The Rosetta mission has been studying the 67P/Churyumov-Gerasimenko for more than a year now and the spacecraft will be accompanying the comet as it makes its closest approach to the sun on Aug. 13.

The comet is on a 6.5-year journey around the sun, and Rosetta joined it when 67P/Churyumov-Gerasimenko was 336 million miles from the center of the solar system. Traveling at about 75,000 miles per hour, the spacecraft and the comet are due to arrive at their orbit's closest point at 116 million miles from the sun by Aug. 13.
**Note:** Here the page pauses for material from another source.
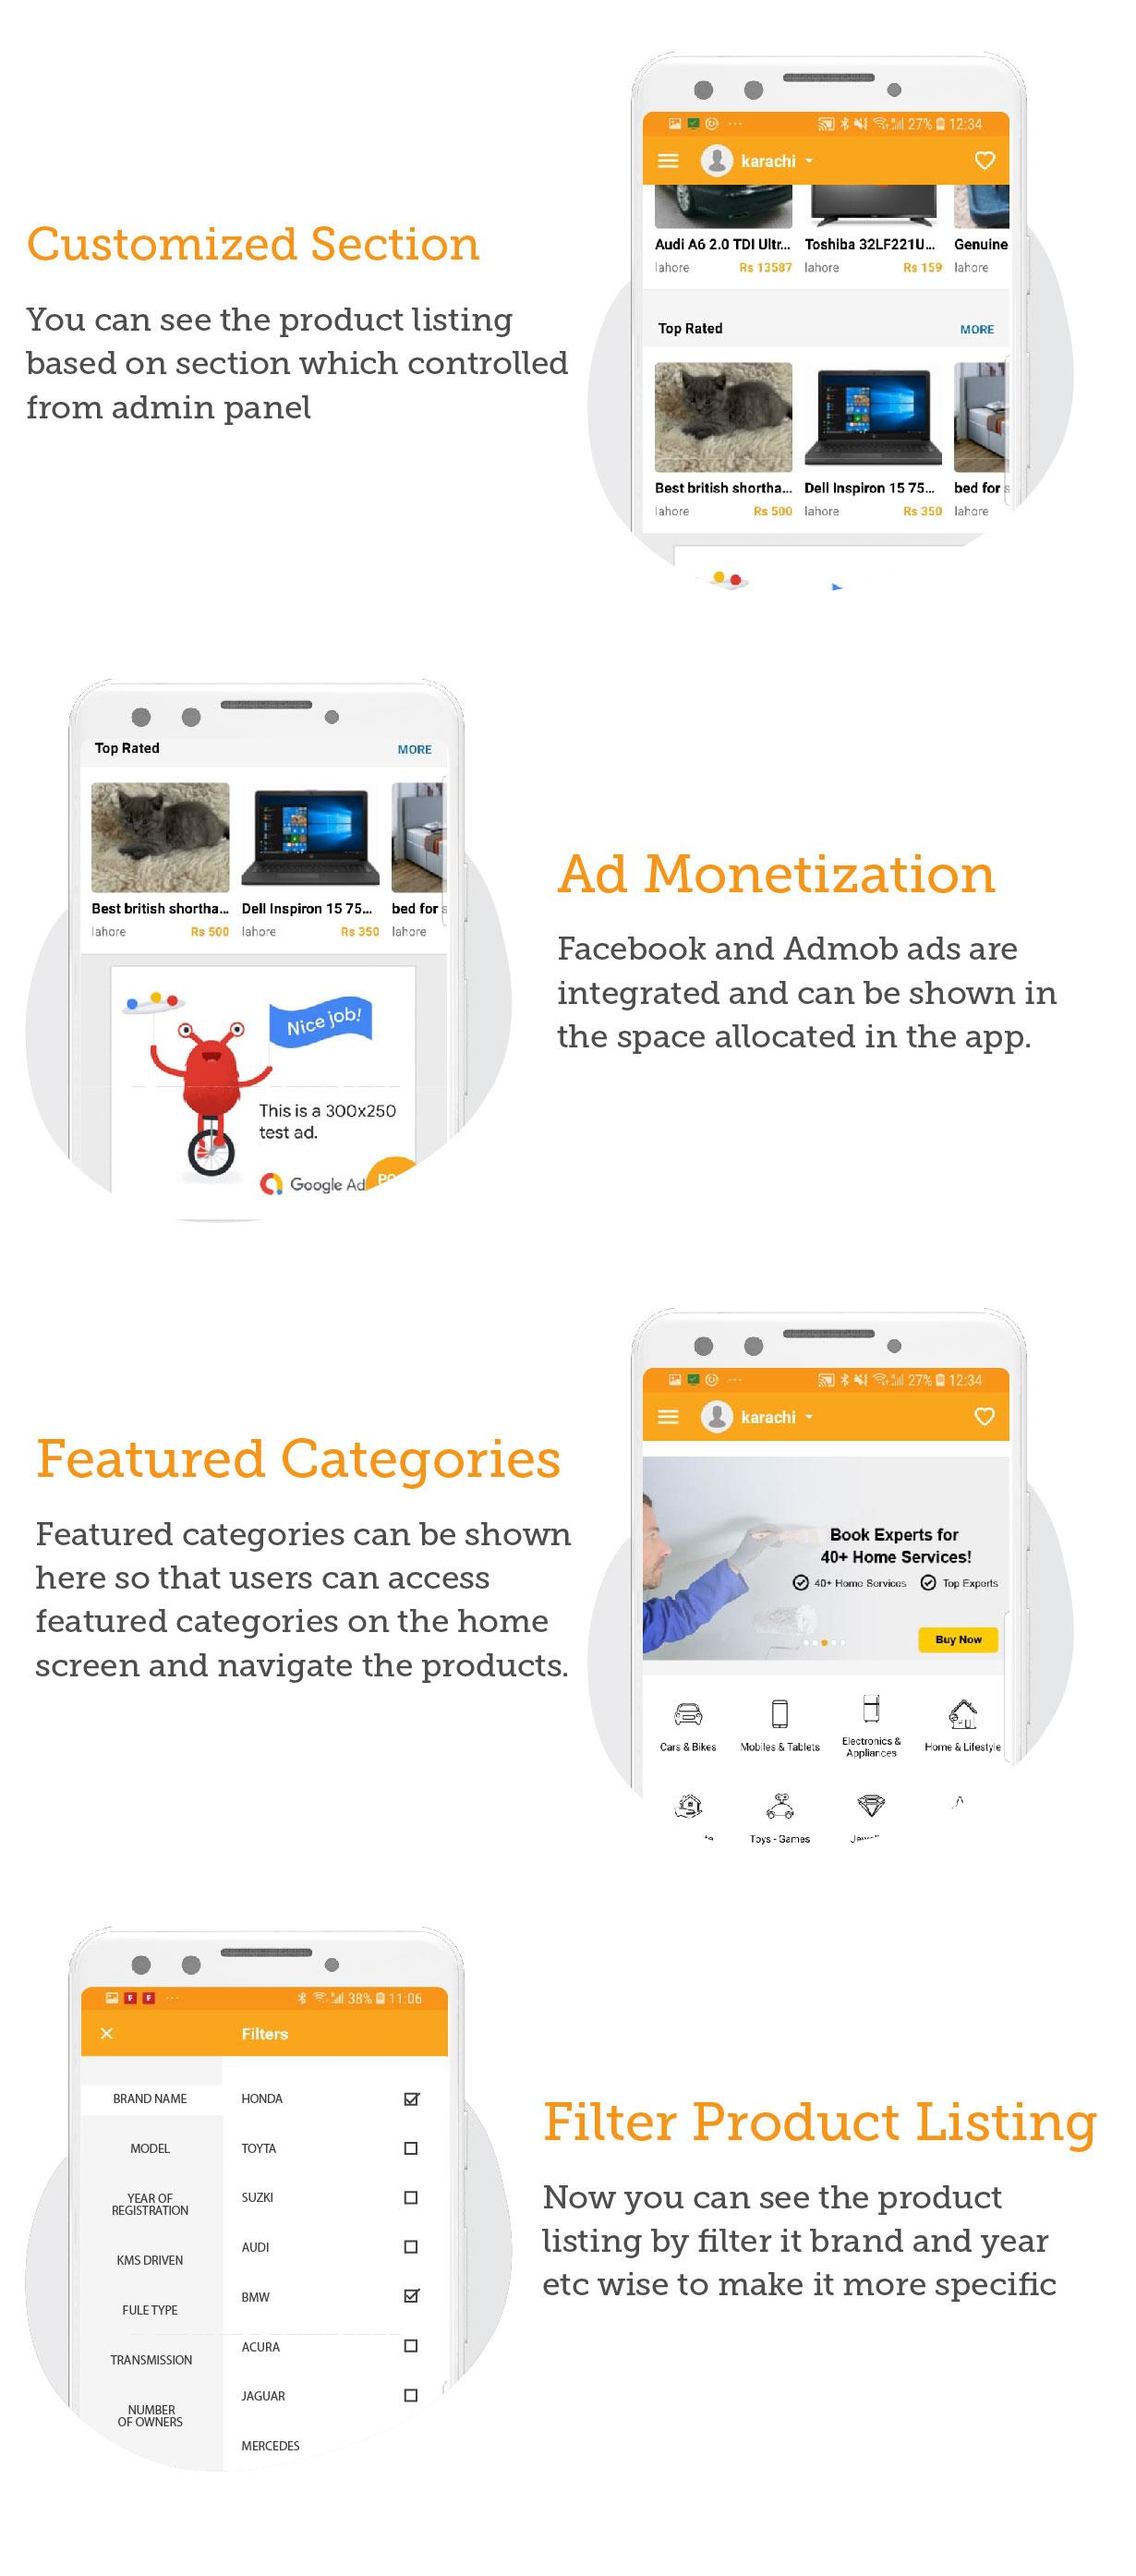 Advilla - Classified Android Native App v1.0.1 - 8

A comet's closest approach to the sun is an event called perihelion. Matt Taylor, a Rosetta project scientist from the European Space Agency (ESA), said that the event is an important milestone for any comet, but 67P/Churyumov-Gerasimenko's will be particularly noteworthy because it will be the first time that a comet will be getting its closest to the sun with a spacecraft in tow.

Activity on the comet has been growing since Rosetta met up with it due to an increase in exposure to solar energy. 67P/Churyumov-Gerasimenko has been warming up for once, resulting in more of its frozen ices evaporating, which has led to a fuzzier atmosphere around the comet. Scientists expect the sublimation of frozen ices to peak between August and September, and have pointed out the possibility of outbursts, although these are unpredictable.
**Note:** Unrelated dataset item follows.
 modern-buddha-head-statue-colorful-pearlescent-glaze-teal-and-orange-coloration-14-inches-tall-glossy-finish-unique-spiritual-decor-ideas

Other comets reaching perihelion have been destroyed for getting too close to the sun, but the 67P/Churyumov-Gerasimenko will not be flying that near so it is in no danger. In fact, the comet's closest approach is still farther than the distance between the planet Earth and the sun.

The comet has also completed many of its previous orbits without trouble because it is not classified as a "sungrazer," unlike Comet C/2012 S1 ISON, which broke apart when it reached perihelion in November 2013. Although not of the same classification, 67P/Churyumov-Gerasimenko does have a fracture 1,640 feet in length that scientists will be observing closely when the comet peaks in activity in August and September.

67P/Churyumov-Gerasimenko last achieved perihelion on Feb. 28, 2009. After the event on Aug. 13, the comet will continue on its orbit, moving away from the sun to head back to the solar system's outer reaches. During perihelion, Rosetta will be operating from a safe distance away from the comet to ensure the spacecraft's safety.